Local Redis should optimize for learning speed and feedback loop, not production durability.
Typical local modes:
- plain Redis Open Source,
- Redis Stack / Redis 8 with Search/JSON/Time Series/vector capabilities,
- Docker container,
- Docker Compose with app + Redis,
- Testcontainers for integration tests.
5.1 Local Redis Contract
Local Redis should be disposable.
Define this explicitly:
redis:
environment: local
persistence: disabled-or-local-volume
auth: optional-for-dev-but-enabled-in-shared-dev
tls: usually-disabled-locally
modules: match-production-capability
key-prefix: dev:${USER}:service-name
flush-policy: safe-by-prefix-not-FLUSHALL
Local development must not teach bad habits:
- do not use unbounded keys,
- do not use
KEYS *in app paths, - do not rely on no-auth behavior,
- do not rely on single-node-only multi-key assumptions if production is Cluster,
- do not manually inspect production-like secrets in local logs.
5.2 Docker Compose Example
services:
redis:
image: redis:8.2
command:
- "redis-server"
- "--appendonly"
- "yes"
- "--maxmemory"
- "512mb"
- "--maxmemory-policy"
- "allkeys-lru"
ports:
- "6379:6379"
volumes:
- redis-data:/data
healthcheck:
test: ["CMD", "redis-cli", "PING"]
interval: 5s
timeout: 2s
retries: 10
volumes:
redis-data:
This is not a production HA deployment.
It is a stable local feedback loop.
5.3 Java Local Configuration
redis:
mode: standalone
endpoint: localhost:6379
username: default
password: ${REDIS_PASSWORD:}
keyPrefix: dev:${USER}:catalog-service
commandTimeout: 500ms
connectTimeout: 2s
clientName: catalog-service-local
In code, do not scatter environment assumptions.

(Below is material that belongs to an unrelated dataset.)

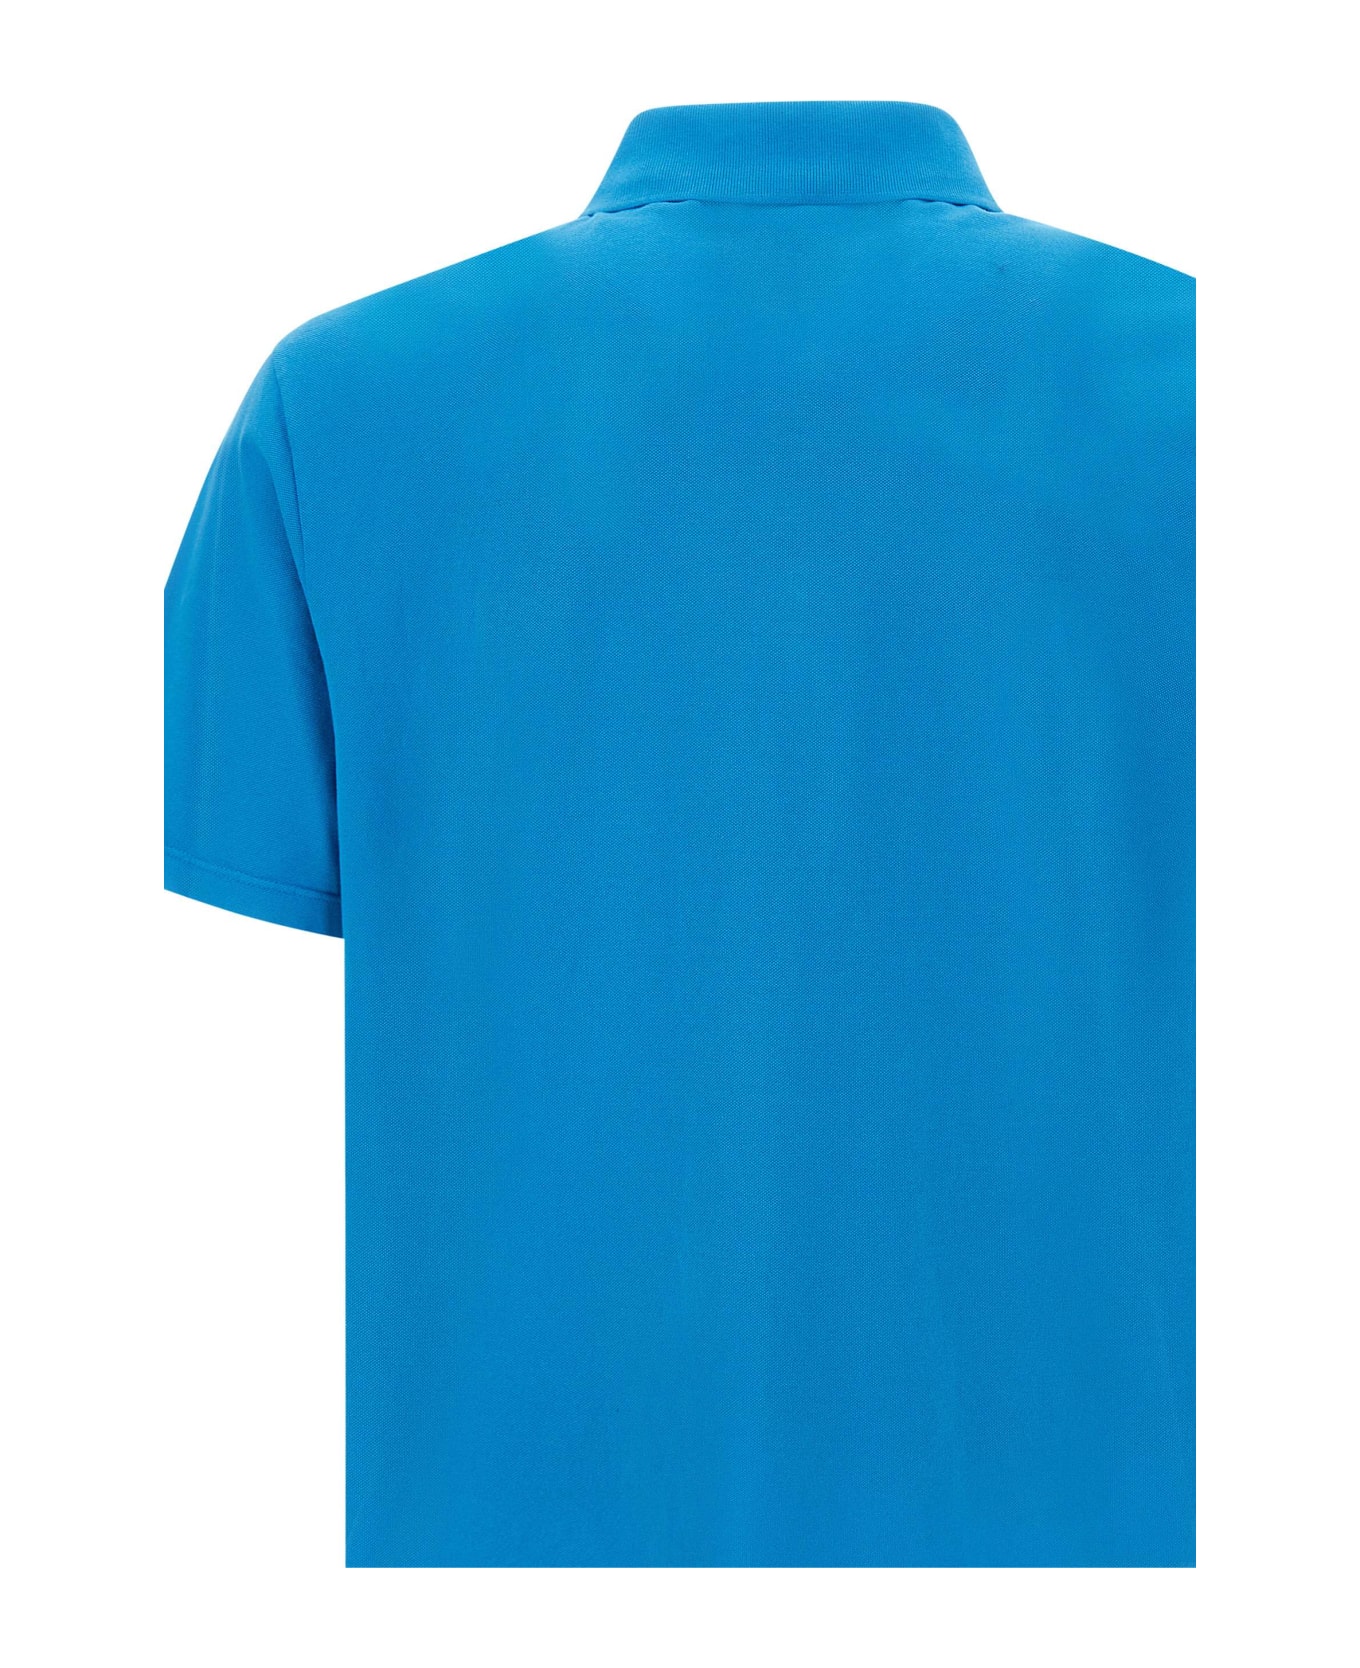 Paul&Shark Cotton Polo Shirt - BLUE ポロシャツ

Use a single configuration object:
public record RedisRuntimeConfig(
RedisMode mode,
List<String> endpoints,
Optional<String> username,
Optional<String> password,
Duration commandTimeout,
Duration connectTimeout,
String keyPrefix,
boolean tlsEnabled
) {}
The Java application should not care whether Redis is local, managed, or clustered except at the connection factory boundary.
6. Docker Deployment Model
Docker is a packaging mechanism, not an HA strategy.
Redis in Docker is valid when you understand:
- container restart does not equal data recovery,
- container filesystem is ephemeral unless volume is mounted,
- memory limits must align with Redis
maxmemory, - host networking and DNS affect latency,
- persistence writes require reliable storage,
- container health checks can lie if they only run
PING.
6.1 Docker Production Checklist
For any containerized Redis deployment, review:
| Concern | Required Decision |
|---|---|
| Image tag | exact version, not floating latest |
| Config | external config, reviewed and versioned |
| Persistence | named volume or persistent disk |
| Memory | container memory limit > Redis maxmemory + overhead |
| Security | AUTH/ACL, network isolation, no public port |
| Backup | volume snapshot or Redis-level export |
| Restart | controlled restart policy |
| Metrics | exporter or Redis-native metrics |
| Upgrade | rehearsed version upgrade |
| Restore | restore drill performed |
6.2 Health Check Trap
PING only tells you the process responds.
It does not prove:
- replication is healthy,
- persistence is healthy,
- memory headroom is safe,
- latency is acceptable,
- keyspace is not corrupted,
- Java serialization compatibility is intact.
A better readiness check for application startup is:
public final class RedisReadinessProbe {
private final RedisCommands<String, String> redis;
private final String probeKey;
public RedisReadinessProbe(RedisCommands<String, String> redis, String serviceName) {
this.redis = redis;
this.probeKey = "health:{" + serviceName + "}:redis-readiness";
}
public boolean isReady() {
String token = Long.toString(System.nanoTime());
redis.setex(probeKey, 5, token);
return token.equals(redis.get(probeKey));
}
}
Even this does not prove HA.
It proves the application can perform a basic read/write path.
7. VM/Systemd Deployment
A VM-based deployment can be excellent when the team wants low abstraction and deterministic control.
It is also unforgiving.
You own:
- OS patching,
- disk layout,
- Redis config,
- systemd unit,
- backup jobs,
- failover automation,
- metrics collection,
- TLS/ACL config,
- capacity planning,
- upgrade procedure.
7.1 When VM Redis Makes Sense
VM Redis can be reasonable when:
- workload is simple,
- team has strong Linux/Redis operations capability,
- data size is predictable,
- HA requirement is moderate,
- cloud managed service constraints are unacceptable,
- latency path benefits from tight network placement.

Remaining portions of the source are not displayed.